By mid-February it became apparent that this wasn’t going to be an ordinary year and our plans for celebrating were quickly dashed.

For the past three and a half decades, Harrolds has built its business on the interaction with and engagement of our clients and our unique and curated fashion collections. We had actively chosen not to have an online platform, opting instead to build the instore experience and our national footprint.

Fortunately, 2020 was the year to launch ecommerce, and we did so in the middle of February.

As they say, timing is everything. In conjunction, we invested heavily in software and technology upgrades allowing the retail teams to be in the driving seat at the heart of the customer experience – virtual styling, private appointments, alternate payment methods, and integrated marketing programs made it possible for us to track and monitor results.

These initiatives have significantly assisted our ability to trade during this challenging period.

I am certain that many of our counterparts had similar strategic plans and hopes of fortune and fame this year. Perhaps next year. Perhaps.

Once upon a time, Melbourne’s thriving city was Australia’s fashion shopping capital and a key driver for out of state and international visitation to Melbourne. We were the envy of other Australian capital cities, namely Sydney, which copied everything that we did.

For Melbourne CBD retailers, there has been a slow but steady decline in business over the past few years, in particular. Core to Melbourne’s retail heart was creativity, this has been lost and weathered away by a lack of vision for retail and business.

The appeal of city shopping has been lost due to consumer perception being eroded – the CBD is perceived as unsafe, unclean and inaccessible. 

This coupled with a thriving illegal drug trade in Melbourne’s little streets and lanes, exorbitant rentals where those with the deepest pocket win, limited and expensive parking options, a priority for bicycles and a sheer lack of vision and cohesive strategy for business growth in our capital city.

Whilst there is a strong focus on world class events and food, this has come at the great expense of retail and the retail experience.

The excitement of walking down Collins Street, meandering through laneways and discovering something unique and coveted has been lost to suburban strip shopping, which until COVID-19 was undergoing a renaissance.

Sadly, this too, has fallen foul.

Take Lygon Street for example – once a destination for European flavour and fare, the precinct is suffering from a serious identity crisis and the vacancy rate is extremely high.
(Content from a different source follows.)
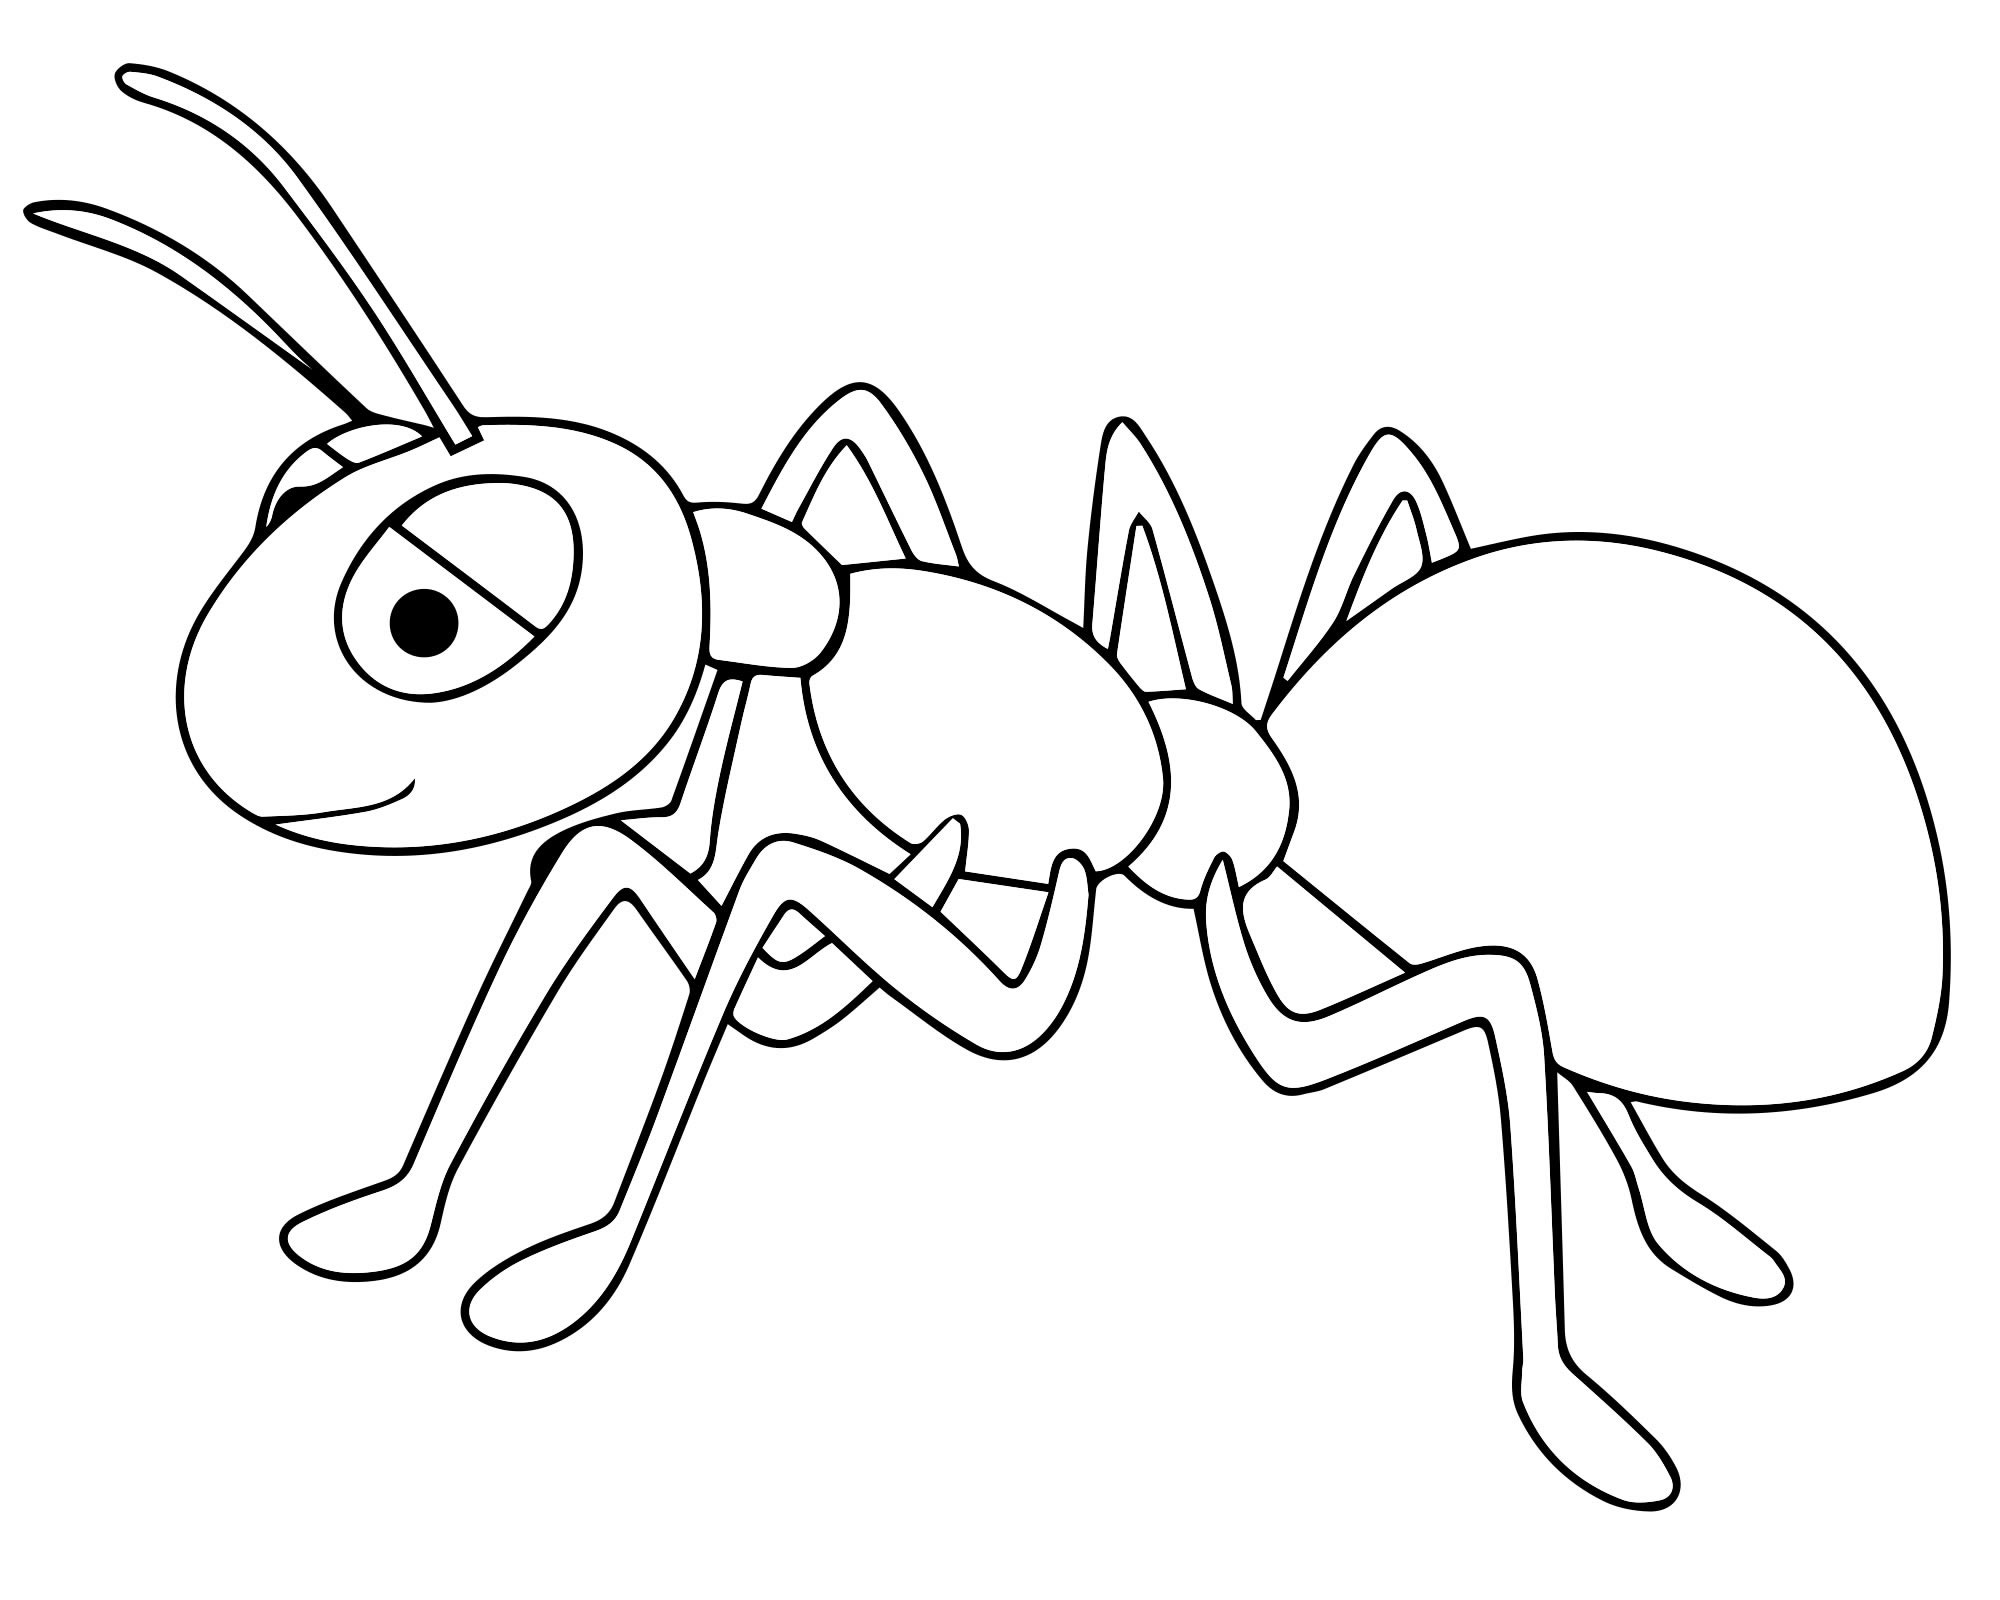 Иллюстрация к басне стрекоза и муравей

The strip is in dire need of financial investment by the city to beautify (replace bitumen footpath with bluestone paving) and link it back to the rest of the CBD and other precincts.
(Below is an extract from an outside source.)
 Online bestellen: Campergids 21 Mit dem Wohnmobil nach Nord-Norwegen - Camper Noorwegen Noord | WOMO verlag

Walking the streets of Melbourne recently for the City of Melbourne elections, I was shocked to see the quantity of abandoned stores and lease signage, the quality and low mix of retail to food in certain areas, the clutter of ageing street furniture, buildings and architectural heritage decaying.
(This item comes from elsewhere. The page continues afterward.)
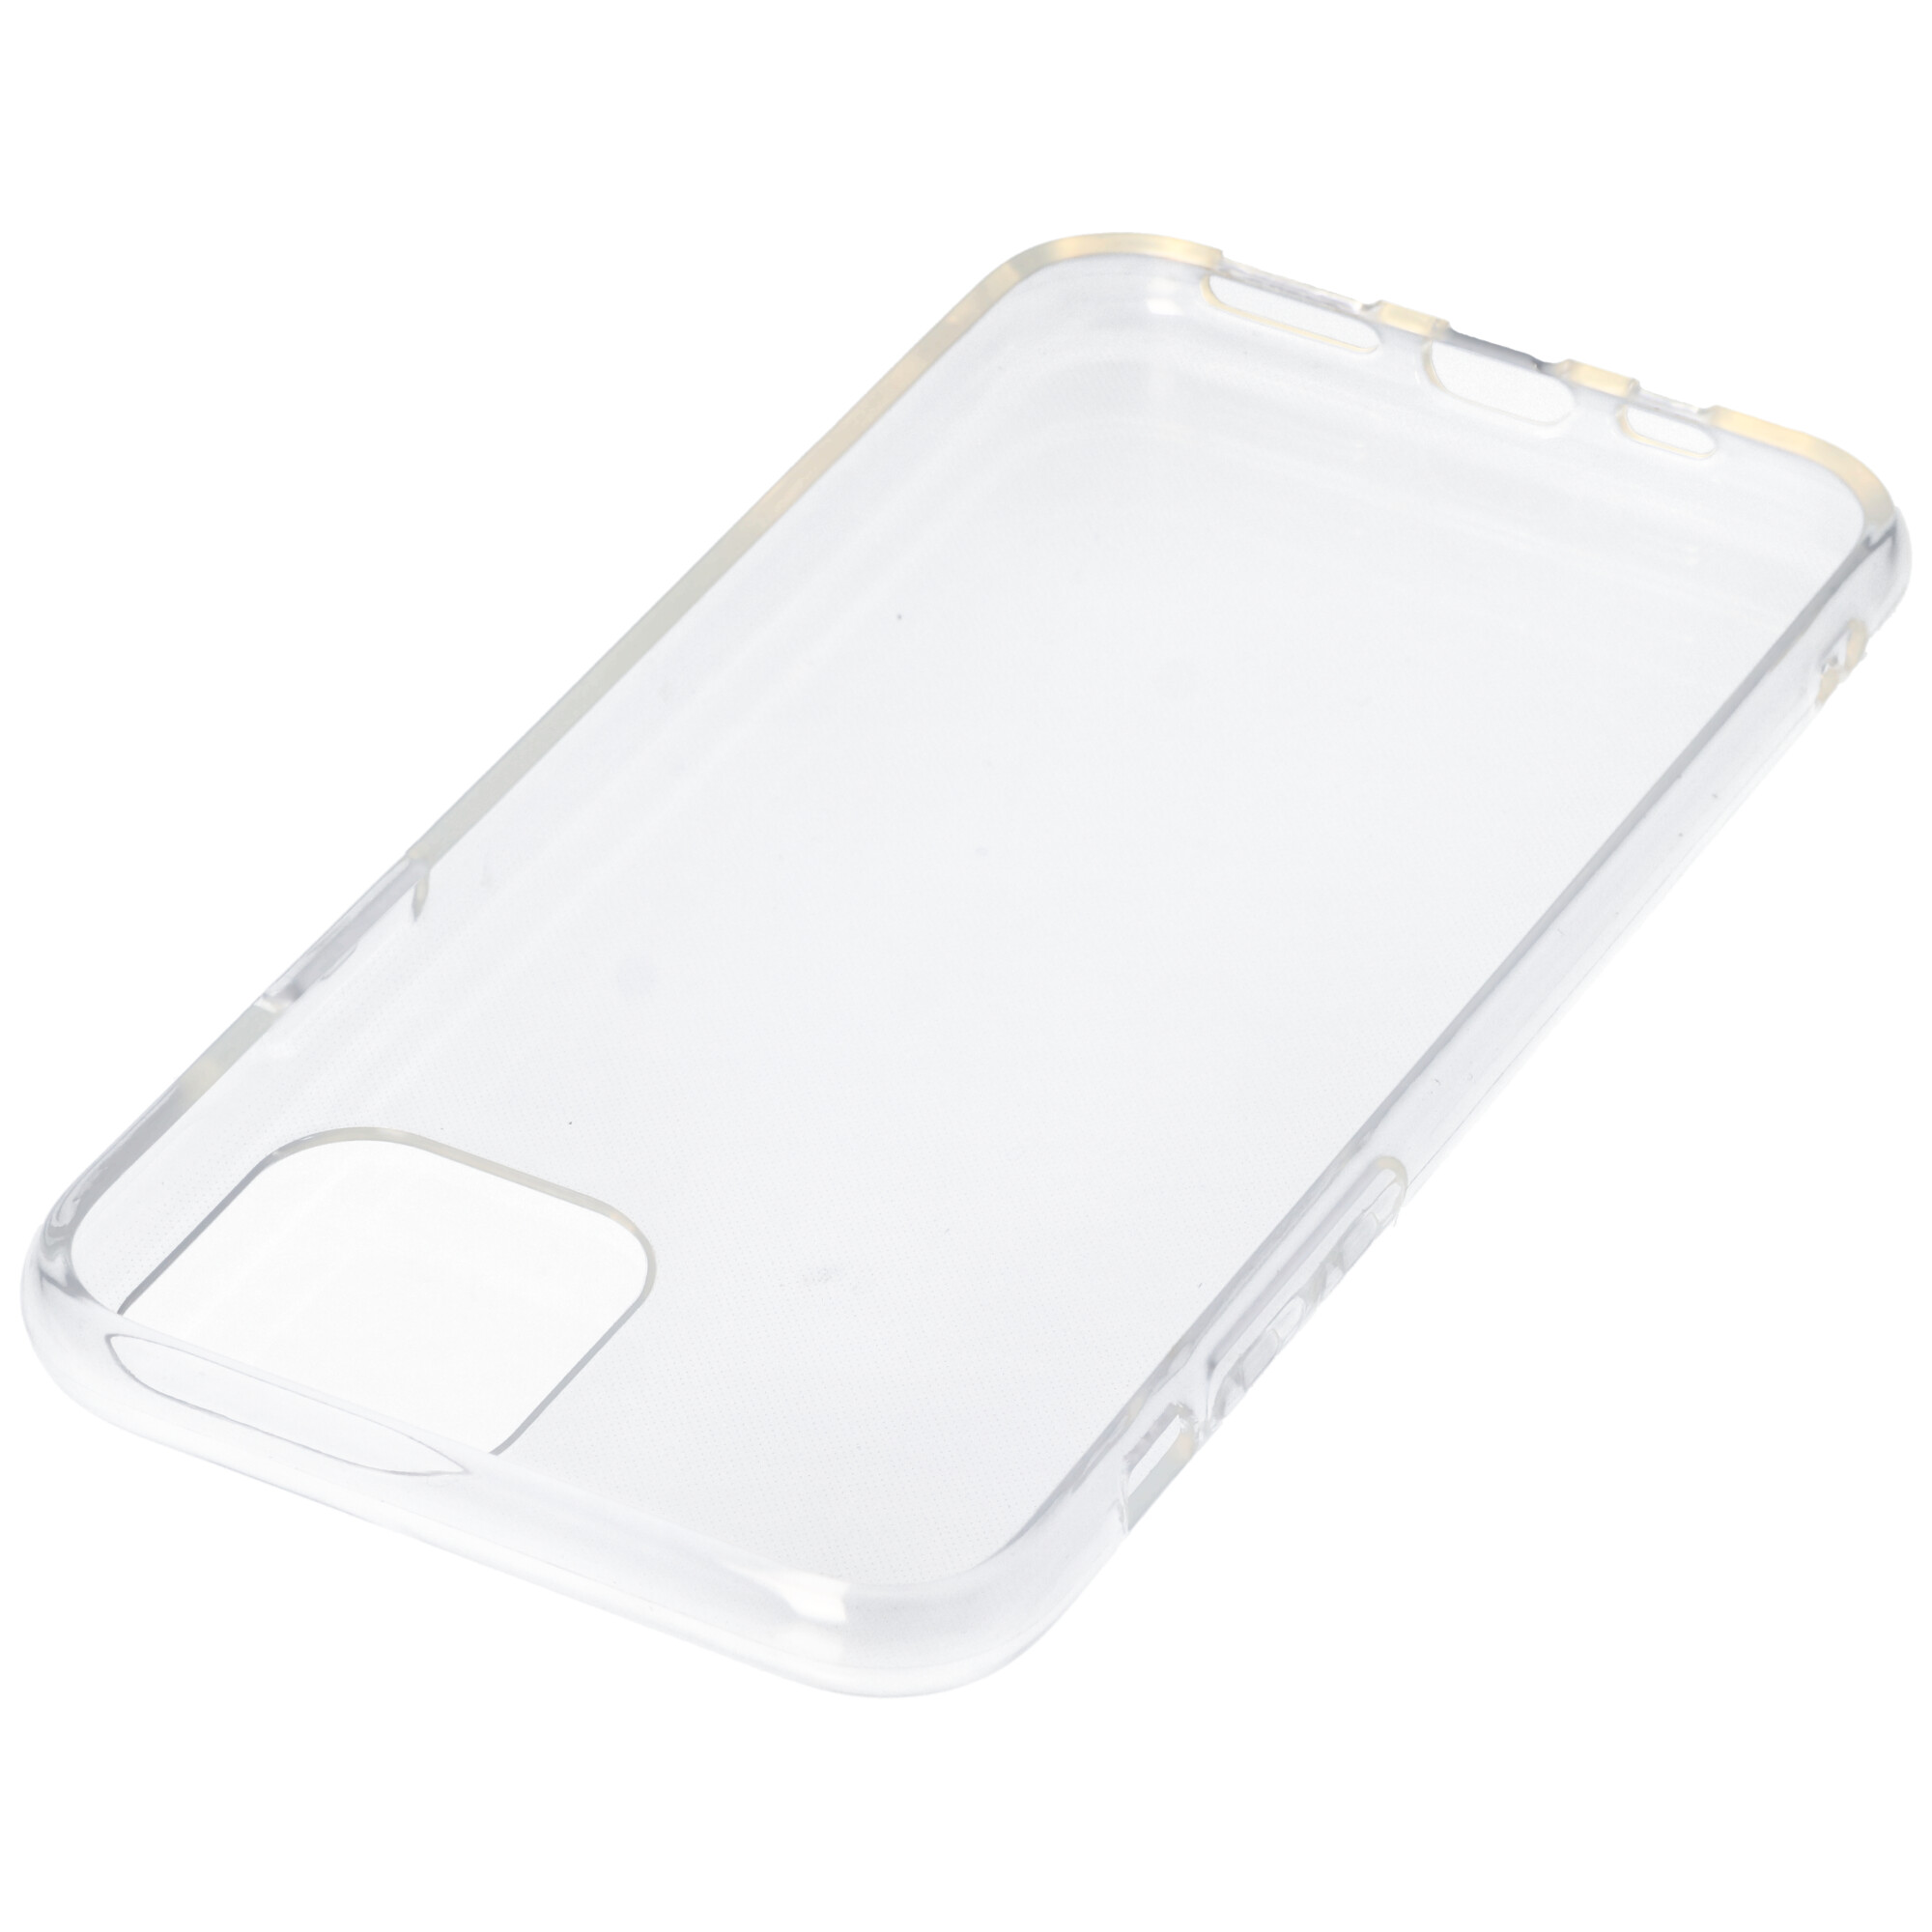 Hülle passend für Apple iPhone 11 Pro - transparente Schutzhülle, Anti-Gelb Luftkissen Fallschutz Silikon Handyhülle robustes TPU Case

The instore retail experience for many stores is non-existent, preferring the cash and wrap model found in large footprint department stores, where the customer helps themselves and good luck trying to find someone to serve you. What has happened to our City retail heart?

Having been involved with the City of Melbourne through its Precinct Program, first as a committee member and then as President (2007-10; 2015-18), and on the Retail and Hospitality Advisory Board over the past 25 years, I felt that the time was right to nominate for this year’s Melbourne City Council election.

I want to change and challenge the conversations occurring at Town Hall. If elected, I hope to be able to deliver a more balanced outcome for the city as a whole, with a strong emphasis on branding Melbourne, instilling confidence and returning prestige to our capital city.

The city needs glue to bring it all together, to be more cohesive and collaborative in its city plan and strategy.

To celebrate all of its attributes, its heritage, it’s art and culture, not just events and laneways. To entice, surprise and delight everyone – patrons, workers, residents and visitors from near and far. To bring back the creativity, the ingenuity and what makes Melbourne marvellous.

But for now, I’m still counting and my eyes are still closed.